EXERCISE REQUIREMENTS:
Repeat the listing that follows, character for character, minus the pictures.

INFORMATION SUPPLIED:
************

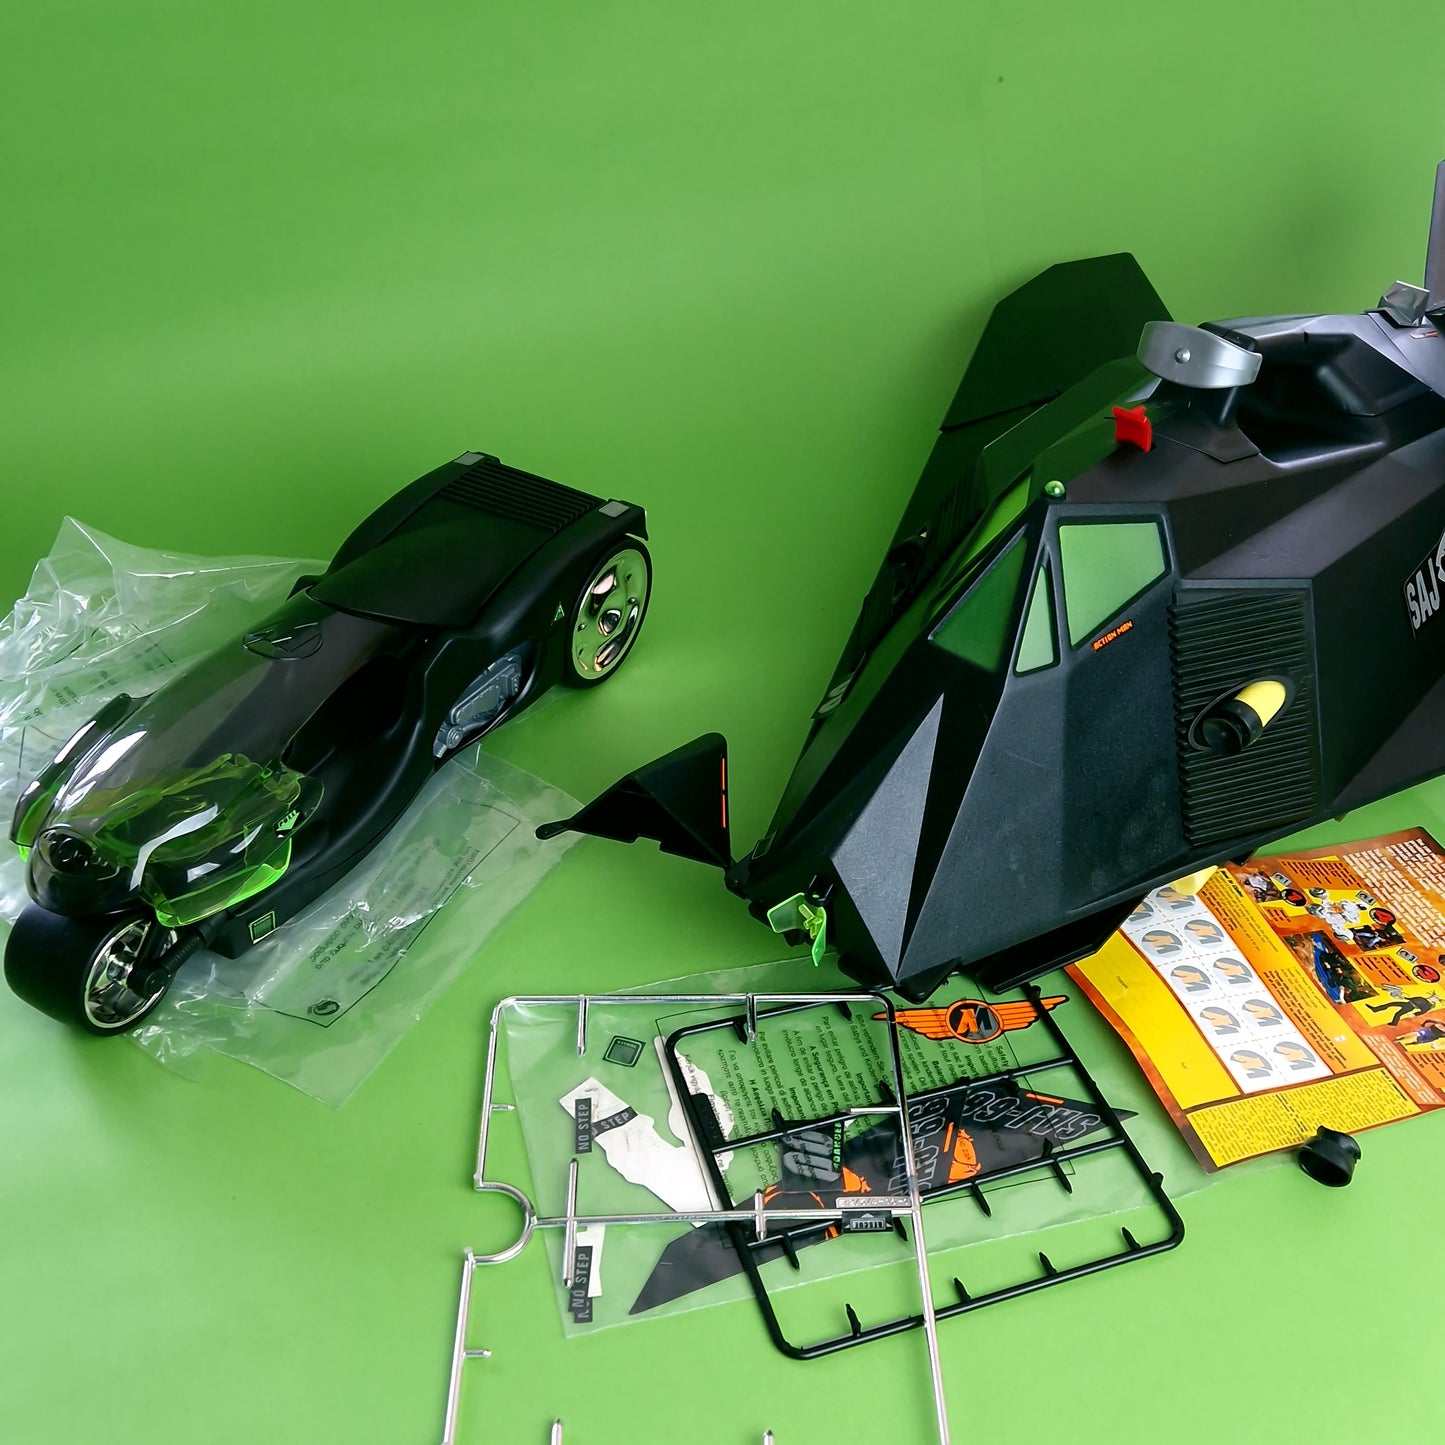 ACTION MAN ☆ STEALTH JET & MOTORCYCLE for Figure ☆ Vintage HASBRO Boxed 90's Loose
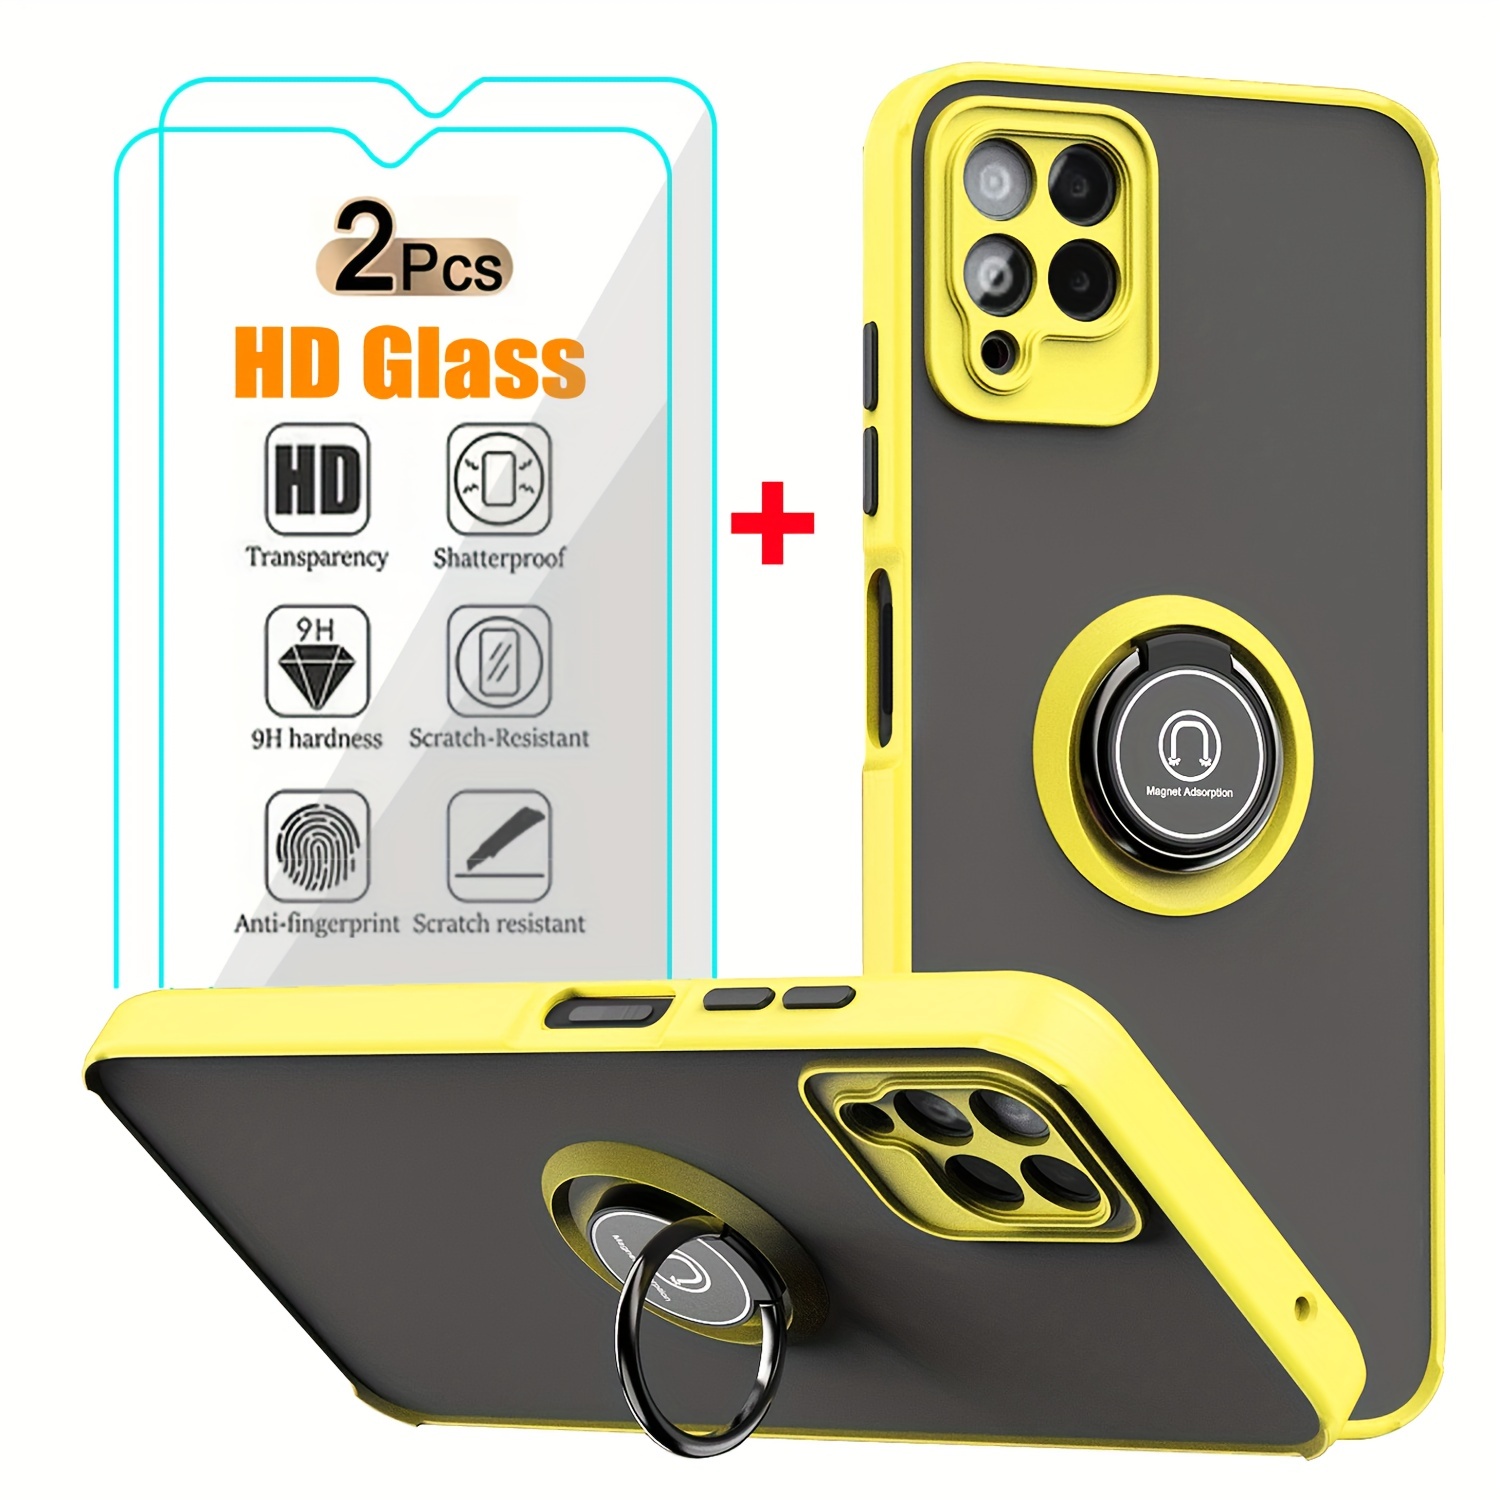 Honor 90 5G Case 360 Full Protection Clear Tempered Glass Front Hard Cover  with Back PU Leather Case for Honor 90 Honor90 5G
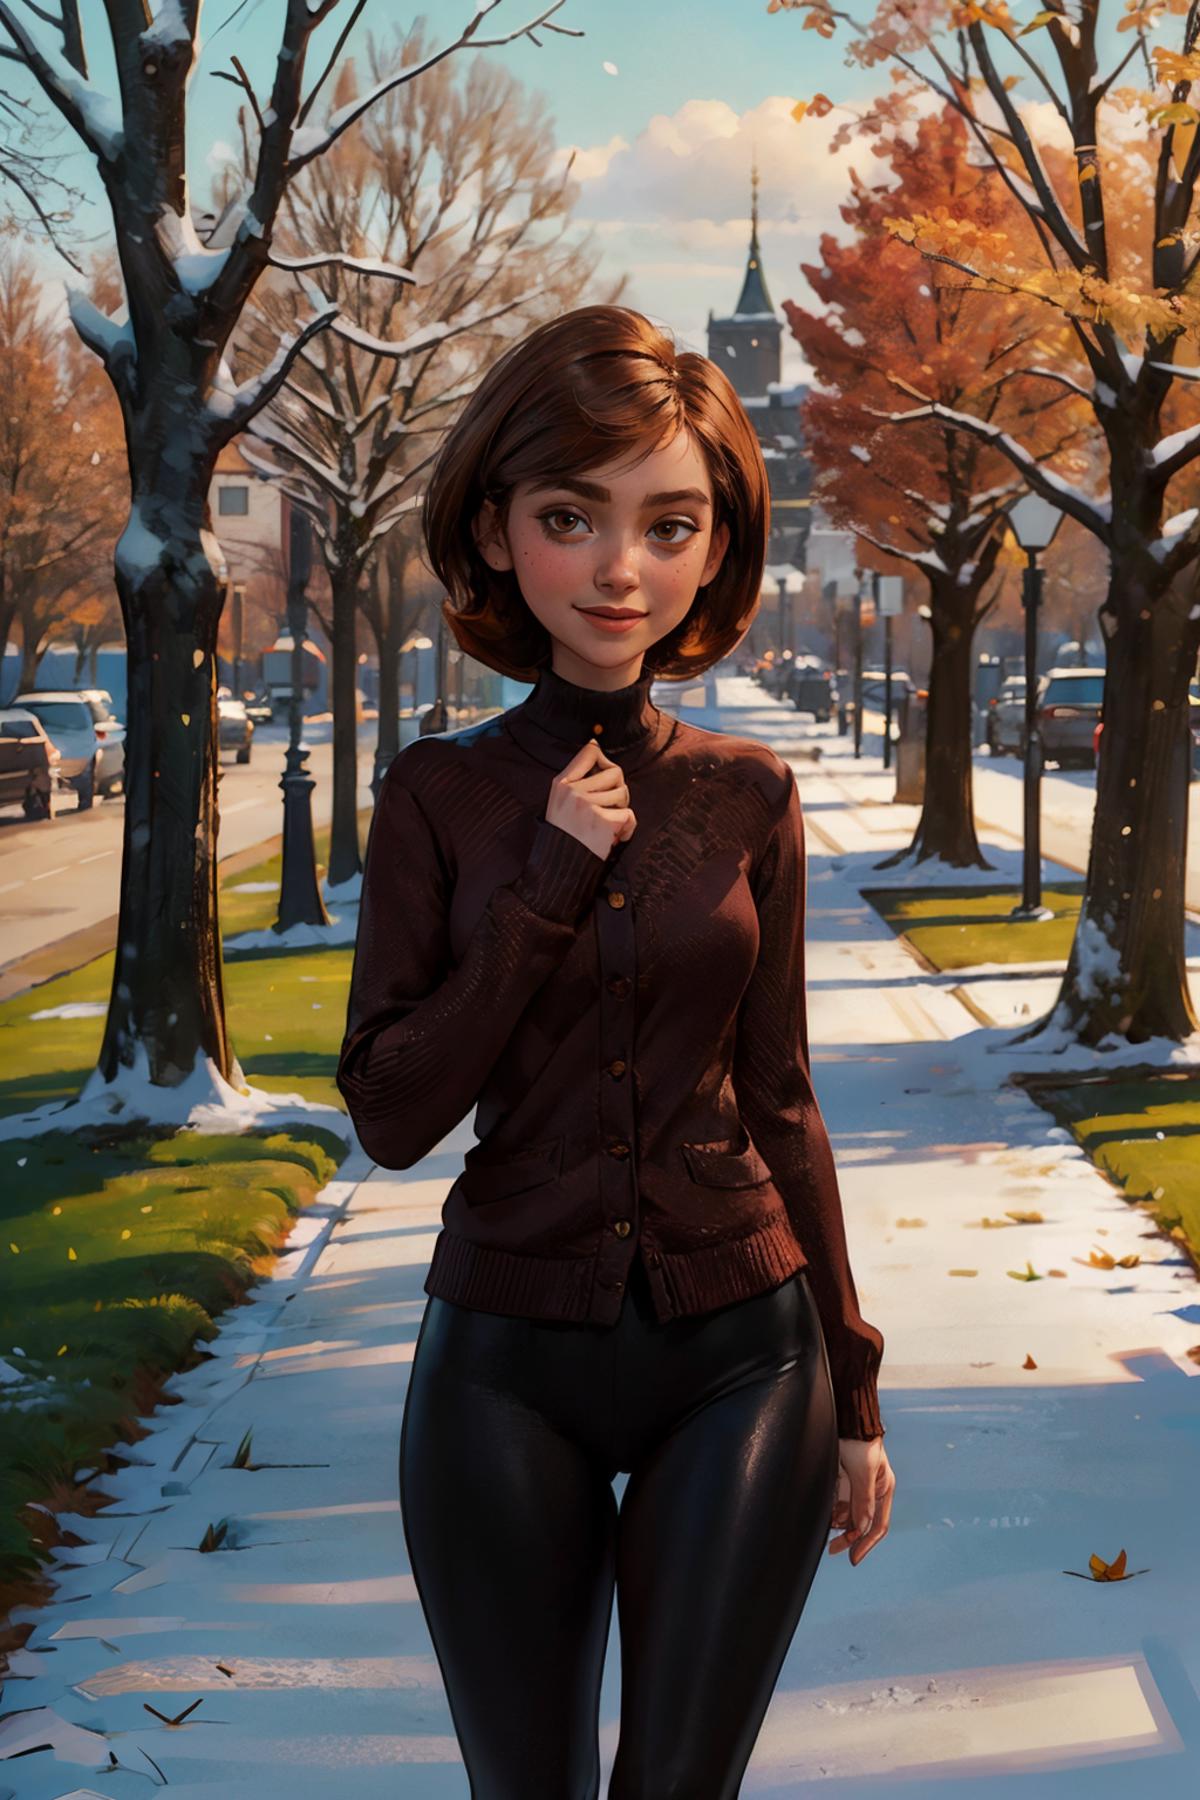 Helen Parr - The Incredibles - Character LORA image by wikkitikki
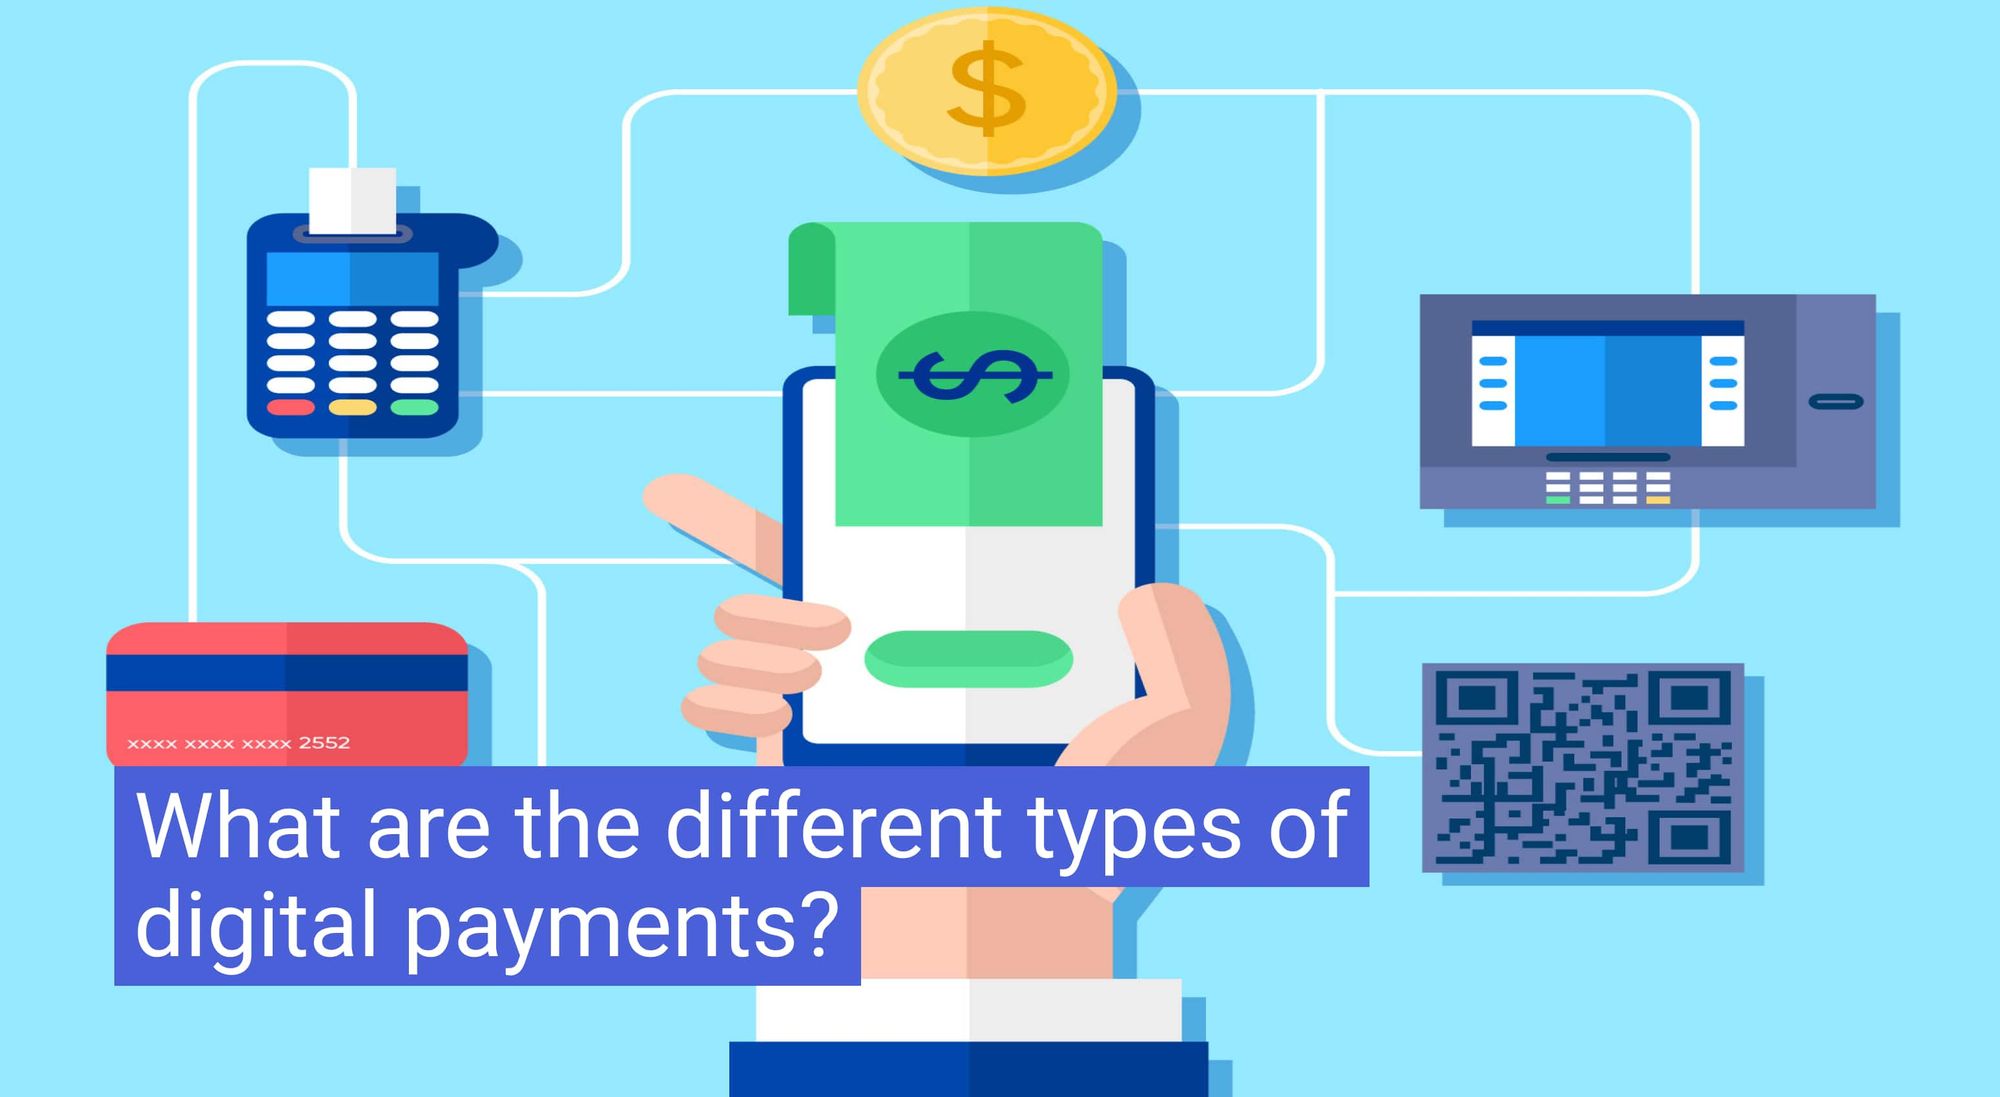 What are the different types of digital payments?

************

SOLUTION FOR THIS EXERCISE:
 ACTION MAN ☆ STEALTH JET & MOTORCYCLE for Figure ☆ Vintage HASBRO Boxed 90's Loose
 Honor 90 5G Case 360 Full Protection Clear Tempered Glass Front Hard Cover  with Back PU Leather Case for Honor 90 Honor90 5G
 Helen Parr - The Incredibles - Character LORA image by wikkitikki
 What are the different types of digital payments?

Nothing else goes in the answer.